Realizzata nel 1753 da Giuseppe Sanmartino (Napoli 1720-1793), sulla committenza di Raimondo di Sangro Principe di San Severo, nobile napoletano, ma anche alchimista, inventore e scienziato (ma anche massone!), ha dato adito nel corso dei secoli a molte discussioni in merito alla sua realizzazione. Infatti l’opera, si dice, fu realizzata dietro dettami ben precisi del Principe e sembra che non siano stati usati metodi tradizionali di scultura.

Cristo Velato Volto – Wikipedia – Foto di David Sivyer rilasciata con licenza CC BY-SA 2.0

Sorprende la sofisticatezza di esecuzione, che a dir la verità, non si rivede in altre opere del Sanmartino, ne’ precedenti ne’ seguenti al Cristo velato. Giuseppe Sanmartino fu sì scultore eccelso, ma non seppe più eguagliare l’eccellenza di quest’opera….
E a questo punto le ipotesi sul principe alchimista prendono piede e alcuni studiosi ipotizzano che siano stati adottati dei procedimenti chimico fisici stupefacenti per l’epoca. Effettivamente osservando la scultura da vicino,si ha proprio l’impressione che il velo circondi una statua già scolpita e non esserne parte integrante.
Ma come si è potuto realizzare un velo di marmo?

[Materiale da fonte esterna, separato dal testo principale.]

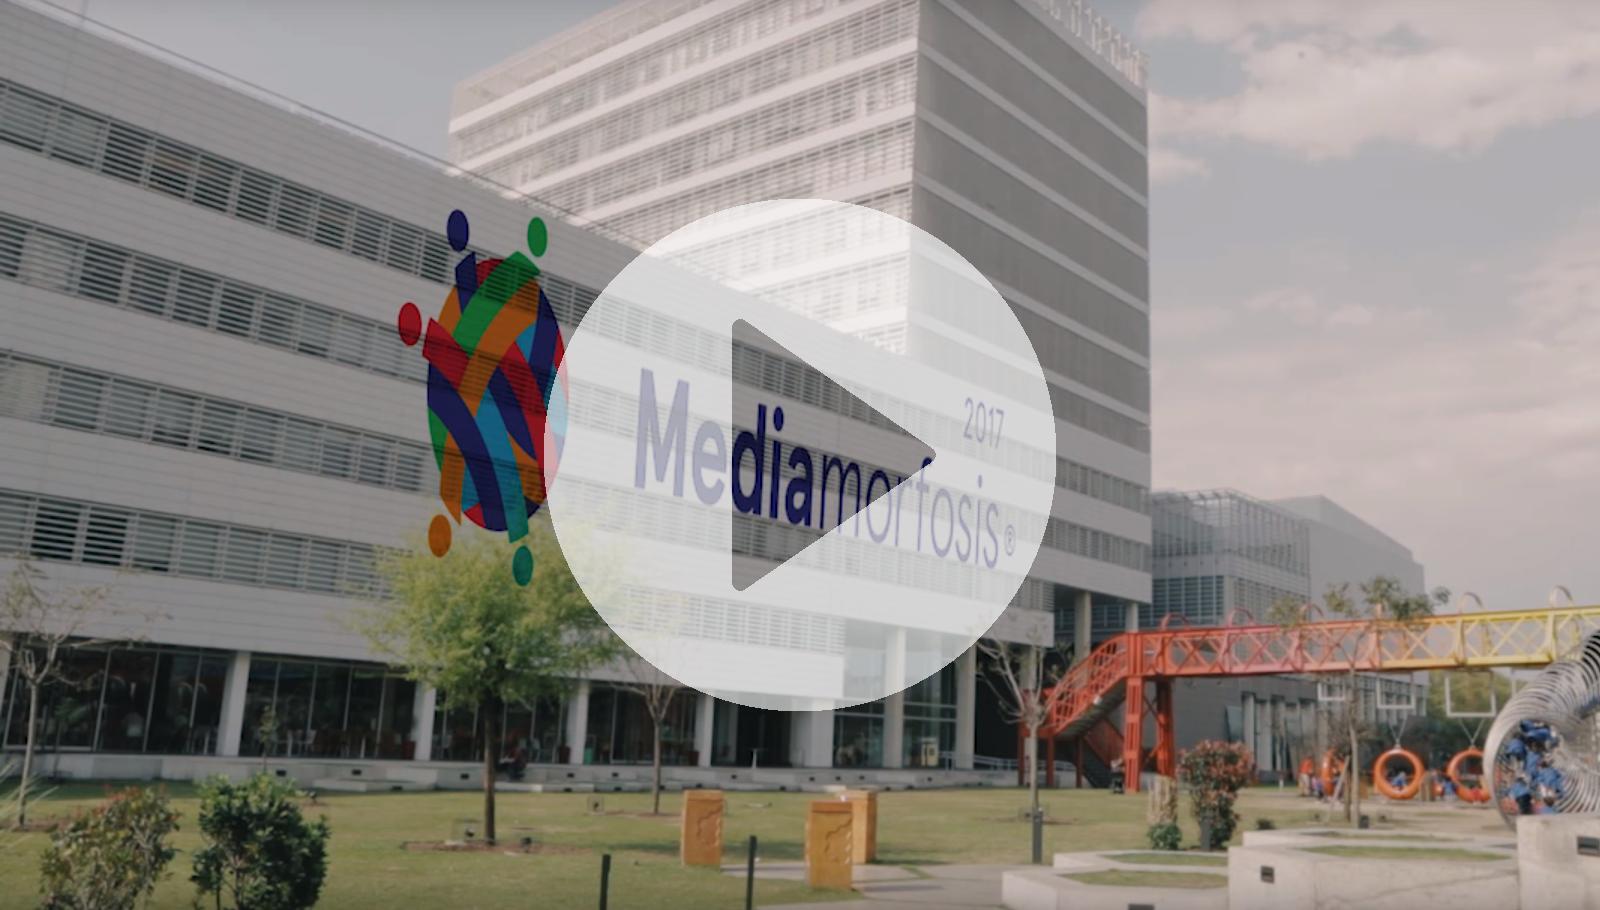 mediamorfosissplay.png

Gli estimatori del Principe sostengono, grazie ad alcuni documenti ritrovati nella dimora dei San Severo, che i veli sono stati ottenuti cristallizzando una soluzione basica di idrato di calcio o calce spenta.
Si sarebbe proceduto in questo modo: la statua veniva posta in una vasca e ricoperta da un velo bagnato; su questi veniva versato latte di calce diluito e sul liquido veniva versato ossido di carbonio proveniente da un forno a carbone. In questo modo si otterrebbe una precipitazione di carbonato di calcio e cioè marmo che andrebbe ad integrarsi alla statua.
Ma tutto questo non è mai stato dimostrato….

Di sicuro si sa che il Principe in data 16 dicembre 1752 firmò una ricevuta di pagamento per il Sanmartino, conservata presso l’Archivio Storico del Banco di Napoli dove si legge: “..E per me gli suddetti ducati cinquanta gli pagherete al Magnifico Giuseppe Sanmartino in conto della statua di Nostro Signore morto coperta da un velo ancor di marmo..”.

Tutta l’impostazione scenica della cappella è un chiaro riferimento alla simbologia massonica , società a cui il principe apparteneva e di cui ne fu Gran Maestro. La statua del Cristo è situata al centro della Cavea sotterranea, una specie di cripta, illuminata da “lampade eterne” inventate proprio da Raimondo di Sangro e studiando questo tipo di illuminazione, lo scultore esaltò le pieghe del velo che ricopre la figura del Cristo morto per accentuarne la drammaticità

Stralcio testo tratto dalla pagina: isolafelice.forumcommunity sulla quale vi suggerisco di continuare la lettura…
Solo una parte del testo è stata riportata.